Les Actes en silence à la Piscine de Frais Vallon
L’Interview
Mireille Batby (labelmarseille)
Ils auraient pu se contenter d’une simple expo d’art contemporain… Mais pour profiter pleinement du formidable espace de la piscine vidée de Frais Vallon, les trublions du OFF ont décidé, en confiant les clés à labelmarseille, de faire autrement : « plus radical, innovant et excitant ». Résultat : une nuit entière de créations (performances, installations, concerts), in situ et « en silence ». Explications.
Qu’est-ce que labelmarseille ? Que se passe-t-il aux Grands Terrains ?
C’est une association d’artistes, de scientifiques et de personnes du milieu de la culture qui ont décidé de soutenir la création d’œuvres transdisciplinaires, en aidant les artistes à définir leur projet, à le mettre en place et le produire. A la création du collectif à Lyon, on l’a appelé labelm parce que les prénoms de tous les membres commençaient par un « m ». Quand on est venu s’installer ici il y a cinq ans, il était évident que ce « m » deviendrait « Marseille ». Après une première saison sur le thème de la confrontation au sein de la galerie Vol de Nuits, on a décidé avec Claire Rossi de monter un lieu dédié aux laboratoires de recherches : les Grands Terrains, que l’on partage désormais avec Couleur Cactus (association de promotion du livre), la Luciole (association de médiation pour les personnes handicapées) et un collectif de jeunes artistes. Chaque année, le labelm aide quatre artistes à travailler sur le transdisciplinaire dans le cadre d’une résidence.
Comment définiriez-vous la transdisciplinarité ? En quoi se distingue-t-elle de la pluridisciplinarité ?

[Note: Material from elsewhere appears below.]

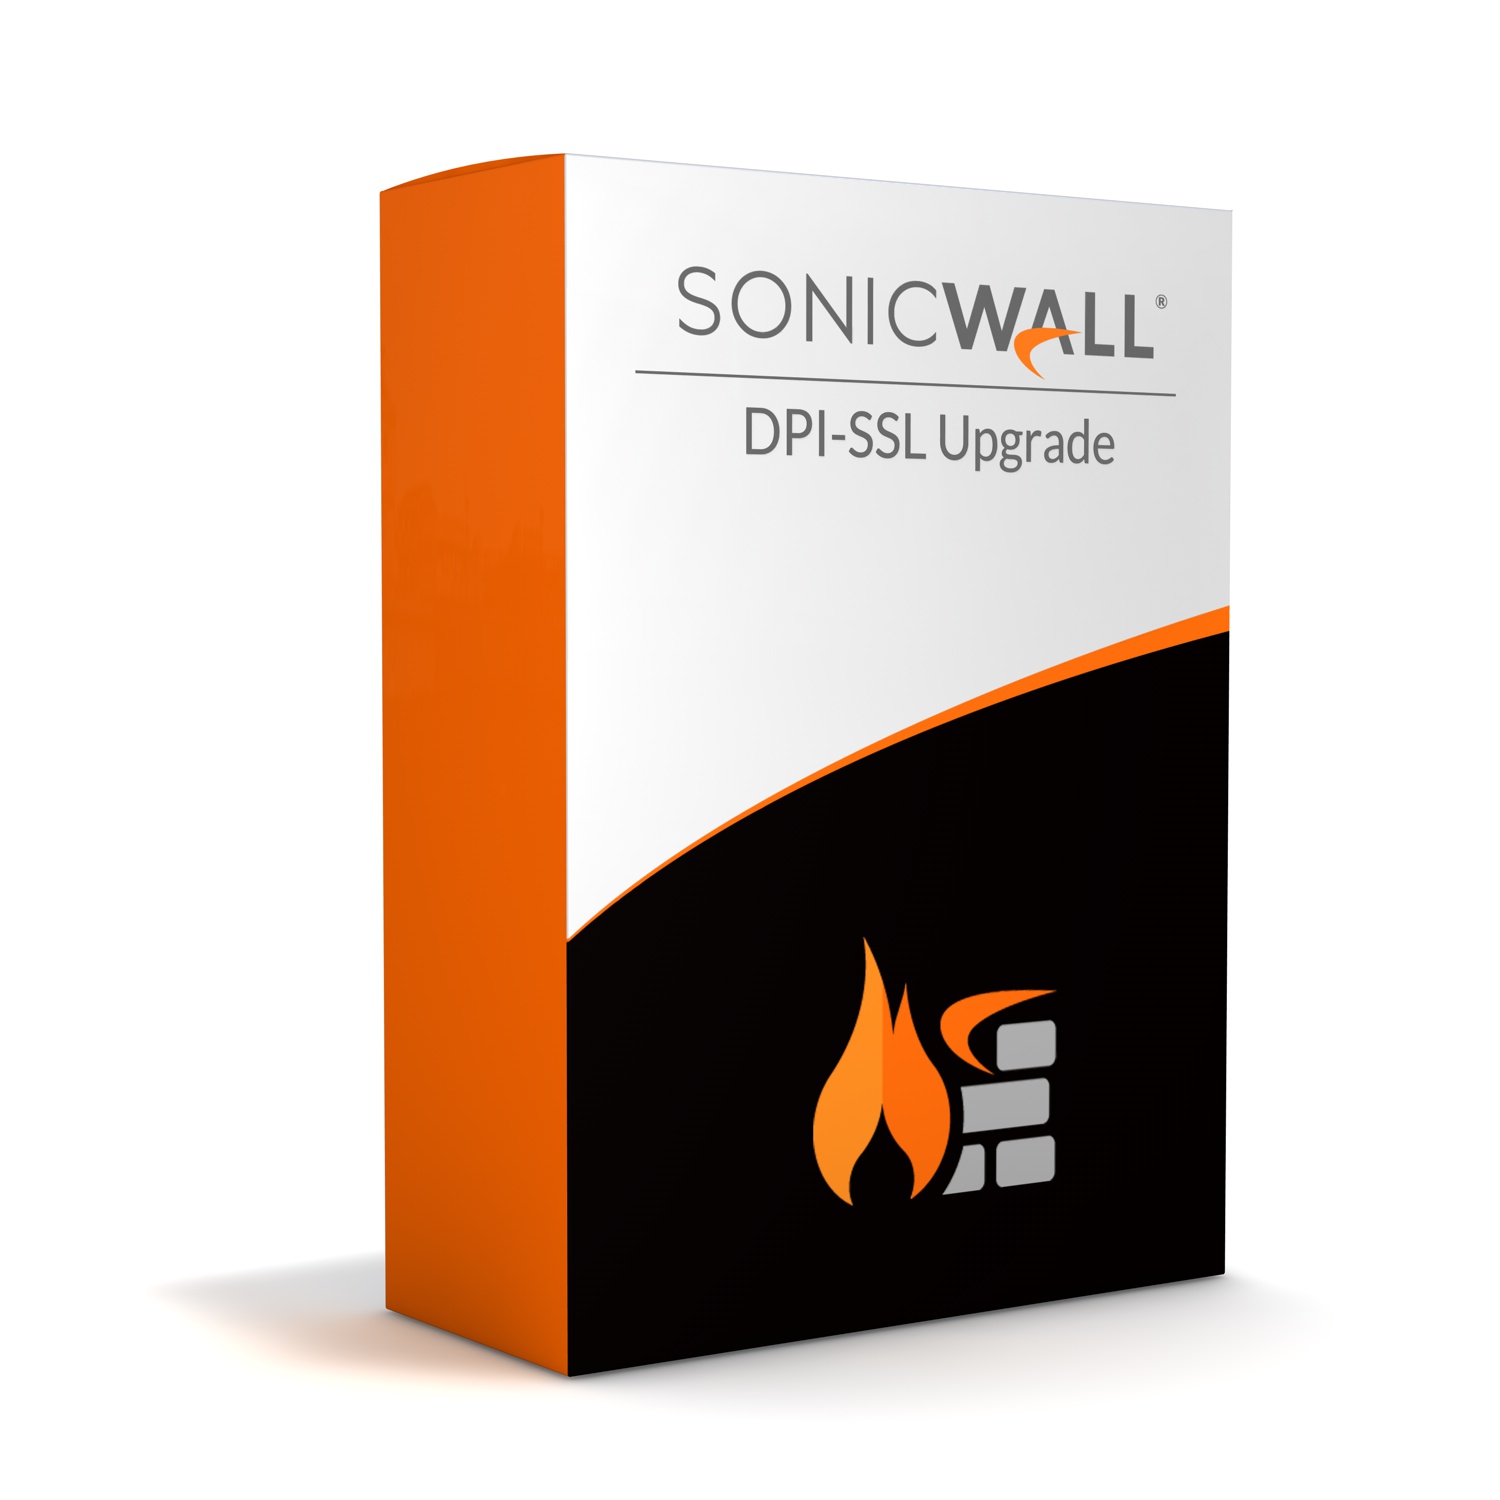 deep packet inspection engine sonicwall vpn

Les projets transdisciplinaires correspondent à l’envie d’un artiste d’aller travailler avec un artiste d’une autre discipline, avec un scientifique ou des amateurs. C’est donc un mélange de gens avant d’être un mélange de genres. En ce sens, cela nécessite un réel accompagnement des artistes : il y a de l’ego chez eux, et une certaine peur chez les amateurs…
Que sont les Actes ?
On travaille à définir le transdisciplinaire de façon à fabriquer des formes qui soient diffusables et exportables comme un spectacle d’art vivant. Chaque année, nous invitons quatre artistes en résidence pendant six mois, qui choisissent eux-mêmes de collaborer avec des personnes extérieures, dont les travaux entrent en résonance avec les leurs. A la fin de la résidence, on leur demande d’acter leur projet dans un espace, c’est-à-dire de montrer leurs travaux à un public. Sans que ce soit forcément fini. Par exemple, Enna Chatton et Carole Rieussec présenteront la fin de leurs travaux l’année prochaine au GMEM et aux Instants Vidéo. Dans la piscine, elles présenteront un work in progress.
Pourquoi travailler sur le silence ?
Le silence, c’est extrêmement bruyant. On l’entend parce qu’il y a eu du bruit, un cri, du chant, de la réaction. Cela correspond selon moi à la position de l’art aujourd’hui. Il y a eu du travail, des choses, et maintenant, on ne l’entend plus. Je crois qu’on confond l’art avec la culture ; c’est un énorme problème. Du coup, la position d’une recherche artistique est très difficile à mettre en place. Il faut forcément qu’à la fin, ça devienne un produit culturel, ludique, ouvert à tous. Ce n’est ni bien ni mal, mais ce n’est pas le propos de l’art. Une démarche artistique s’inscrit dans une histoire, dans l’histoire personnelle d’un artiste mais aussi dans l’histoire de l’art, c’est un cheminement, une avancée vers quelque chose… Aucun artiste à notre époque ne peut dire que le silence ne résonne pas pour lui.
Pourquoi et comment investir une piscine ?
Je voulais un lieu reconnaissable pour son activité, mais dont l’activité est justement interrompue. Je ne voulais pas d’une énième usine désaffectée, de tous ces lieux que l’art a déjà investis, réinvestis et surinvestis. Stéphane (ndlr : Stéphane Sarpaux, directeur du OFF) est un nageur régulier et pour ma part, en tant que performeuse, je travaille beaucoup dans l’eau. La piscine s’est donc imposée. Celle de Frais Vallon allait être vidée avant travaux, ils ont avancé d’une semaine pour nous.
Frais Vallon fait partie du mouvement des mille piscines, des piscines tournesols construites dans les années 70 dans des zones défavorisées. C’est très daté, mais ça reste un bon outil, très beau. Avec les trente artistes, on a envie d’investir le lieu au maximum sans en faire un musée, en le respectant. Il n’y a pas de plafond, donc on sera tous en interaction les uns avec les autres : on est encore dans le transdisciplinaire.